Reclaim tries to find time for certain kinds of events sooner in order to prioritize your schedule. At a high-level, Reclaim schedules your events in the following priority order:

  • Smart 1:1s: Reclaim tries to find time for your Smart 1:1s before it tries to find time for anything else.

  • High-priority Habits: Habits marked as "high-priority" (i.e., above the line in the Habits screen) will be scheduled next.

  • Tasks: Reclaim then schedules your tasks in the order they're stack-ranked.

  • Low-priority Habits: Habits marked as "low priority" (i.e., below the line in the Habits screen) will be scheduled last.

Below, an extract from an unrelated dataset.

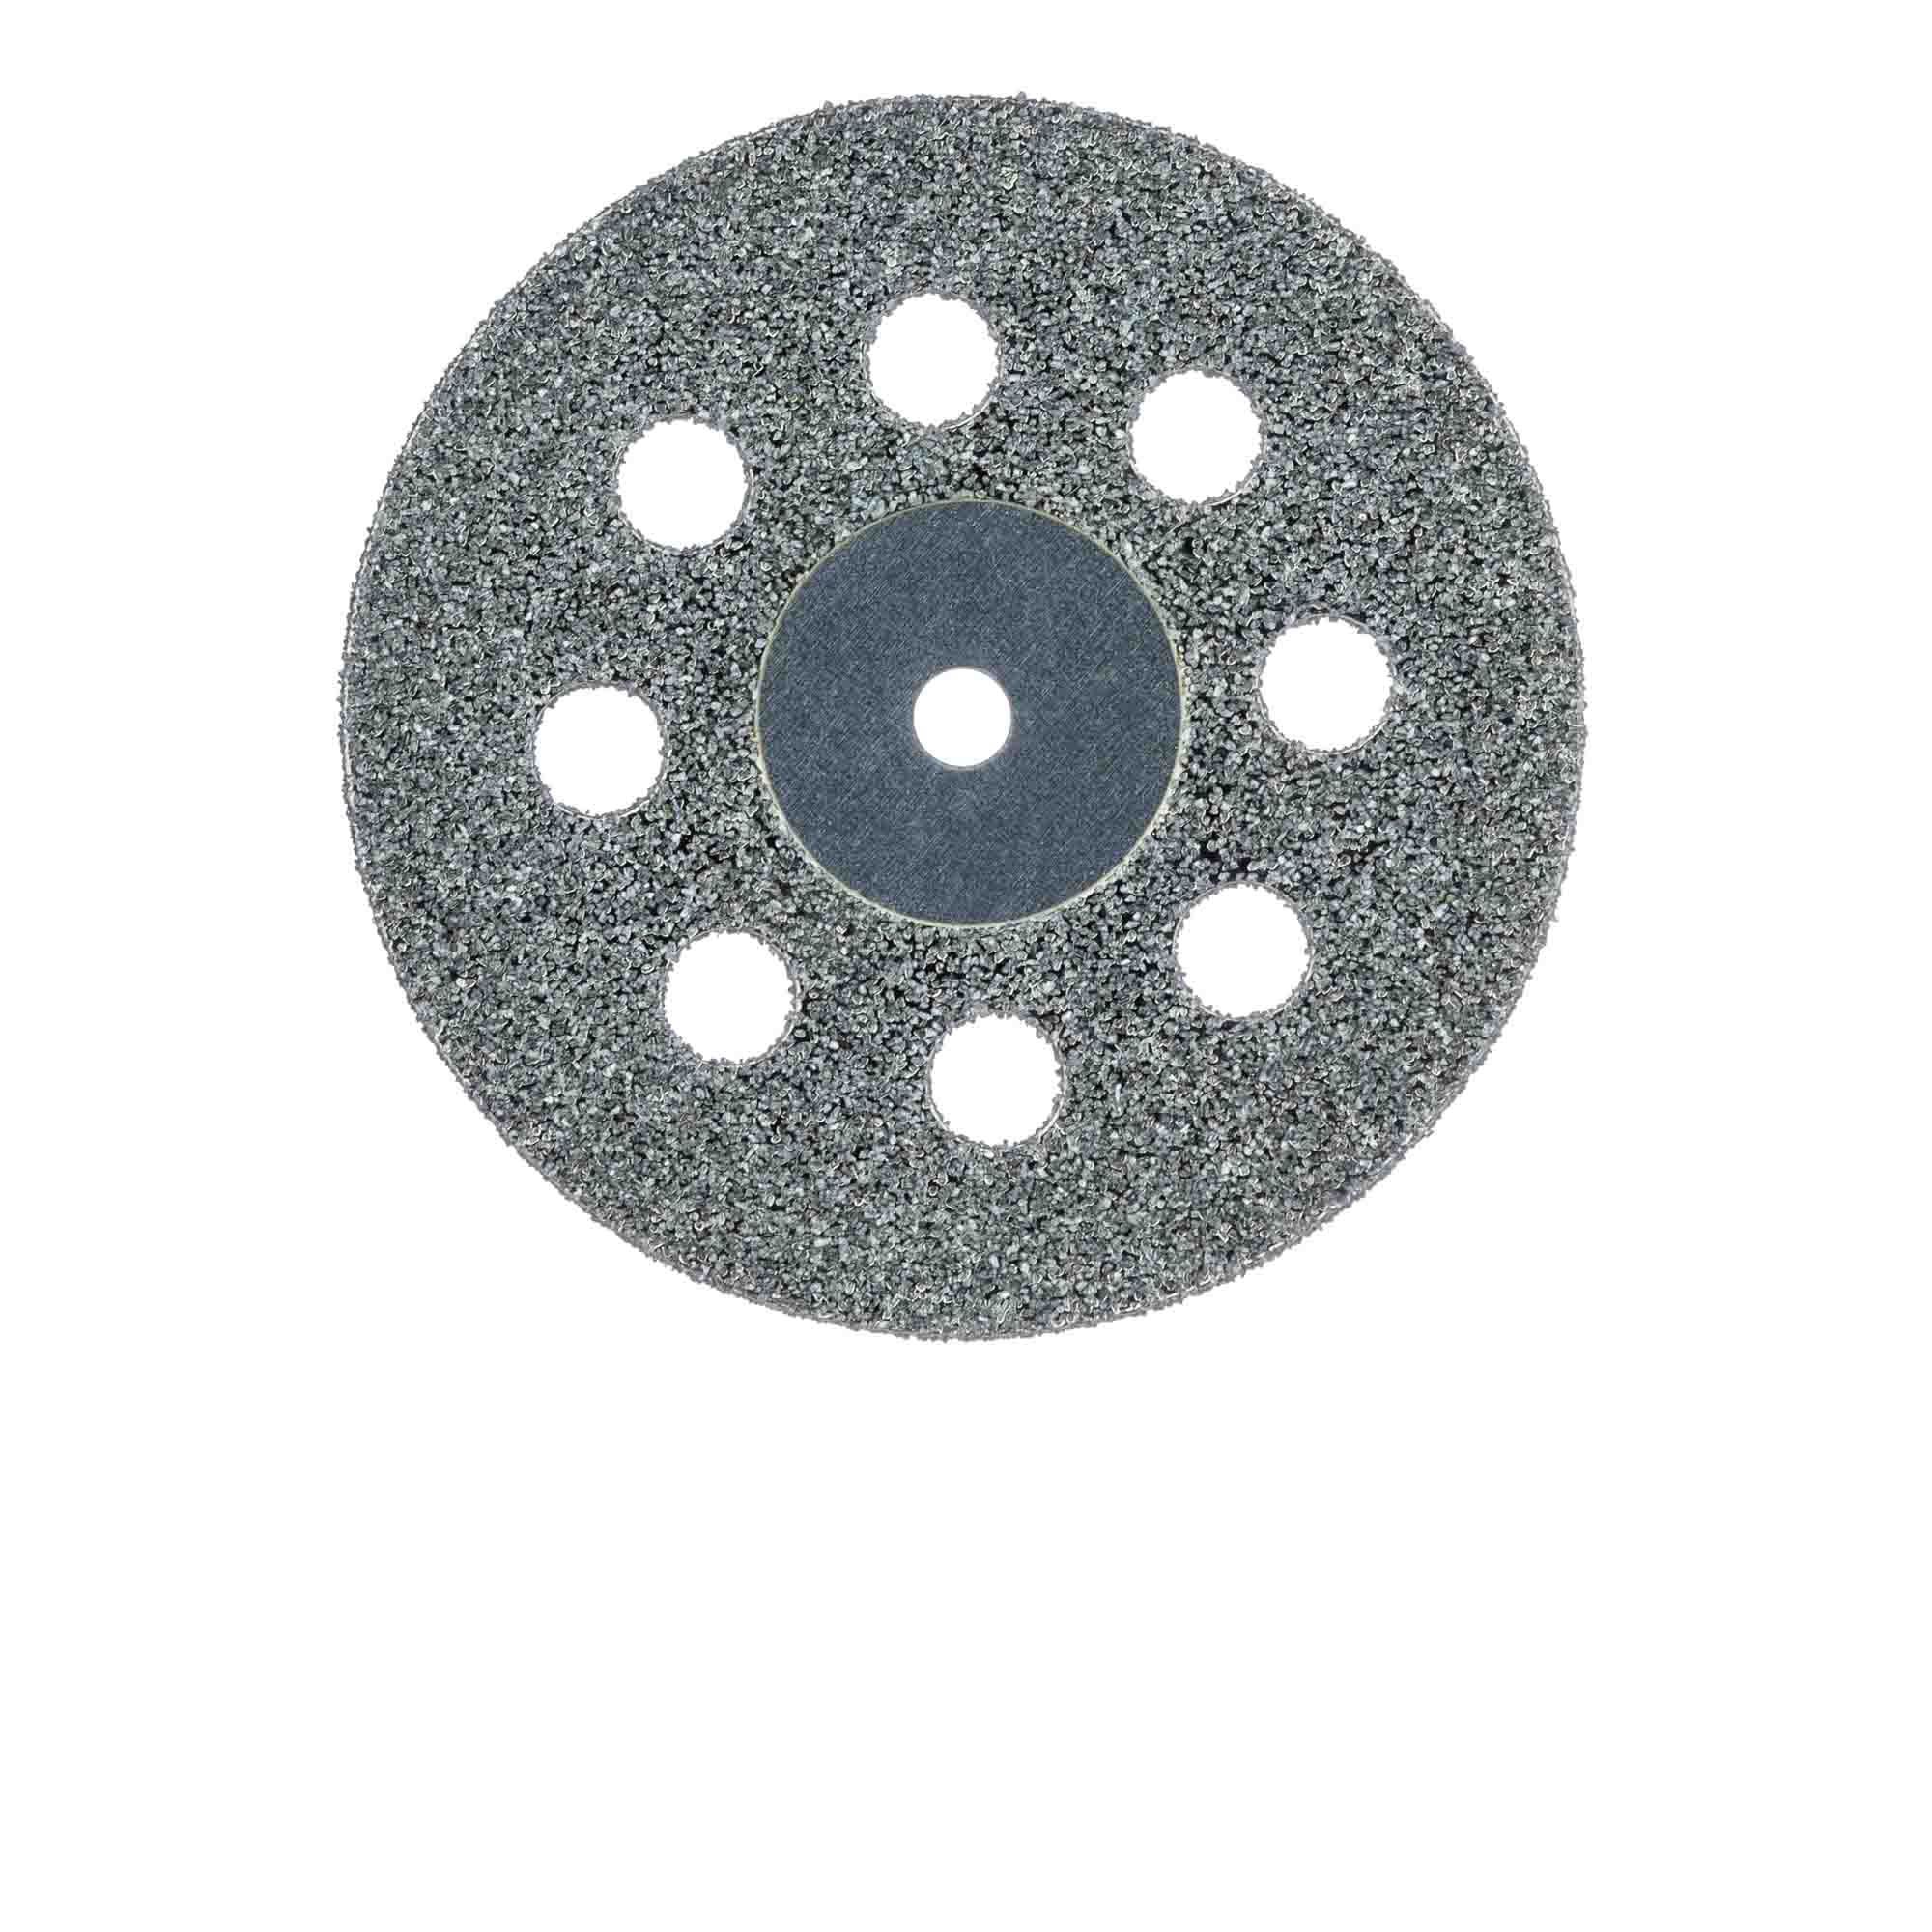 918D-220-HP Diamond Bur, Perforated Disc, Double Sided, 0.5mm Thick, 22mm Ø, HP

For Habits and Tasks, you can prioritize events more granularly by stack-ranking them in different orders. This is especially useful if you need to tell Reclaim that your plans have changed during the week.

Availability

Reclaim will only schedule events if it can find available time on your calendar. Reclaim doesn't touch or modify any events that it didn't create. In addition to looking at free time on your schedule, Reclaim will also consider your Scheduling Hours when scheduling events to ensure that events don't get created at weird hours.

Time Policies

Habits, Tasks, and Smart 1:1s all have their own distinct "time policies" that determine how events get scheduled. For example, Habits and Smart 1:1s have a set of time windows and days where they can be scheduled. Tasks have due dates and "earliest scheduling dates" that will only allow the task events to be scheduled during certain periods of time.

Reclaim will follow these rules and consider them when blocking time, and will automatically update events if you change them for a Habit, Task, or Smart 1:1.

How Reclaim reschedules your events

Reclaim evaluates your schedule every time it detects a change, and responds in real time (usually in 15 seconds or less) when changes occur that impact your Reclaim-scheduled events.

Unless an event is locked, it will automatically reschedule within a few seconds of being overbooked. For example, if you have a Habit called "Walk the Dog" at 3pm, and you block time over that event for a meeting, the Habit event will automatically reschedule to the next best time if there is time available that day.

Note that Reclaim won't consider an event you're invited to as an "overbooking" unless you RSVP "Yes" or "Maybe" to it. For example, if a Habit is interrupted by an invite to a meeting at the same time, the Habit won't move until you RSVP Yes or Maybe.

How to take back control from Reclaim

Reclaim was designed to give you the best of both worlds between automation and control over your events.

In addition to being able to intelligently and automatically reschedule your Reclaim events via our Planner, Google Calendar Add-on, or Slack integration, you can literally just move events that were created by Reclaim on your calendar directly and Reclaim will automatically lock the event to a) allow the change and b) prevent it from moving again.

Additionally, you can delete events from the past that Reclaim thinks you did, and Reclaim will automatically reschedule them. For example, if you didn't complete a Task event earlier in the day, simply delete it from Google Calendar and Reclaim will reschedule it to the next best time.

In general, you can work with Reclaim-created events the way you would any other event. It should feel natural to RSVP "No" to a Smart 1:1 and have it auto-reschedule, delete an event from the past and have it auto-reschedule, or move an event to another time have it lock in place.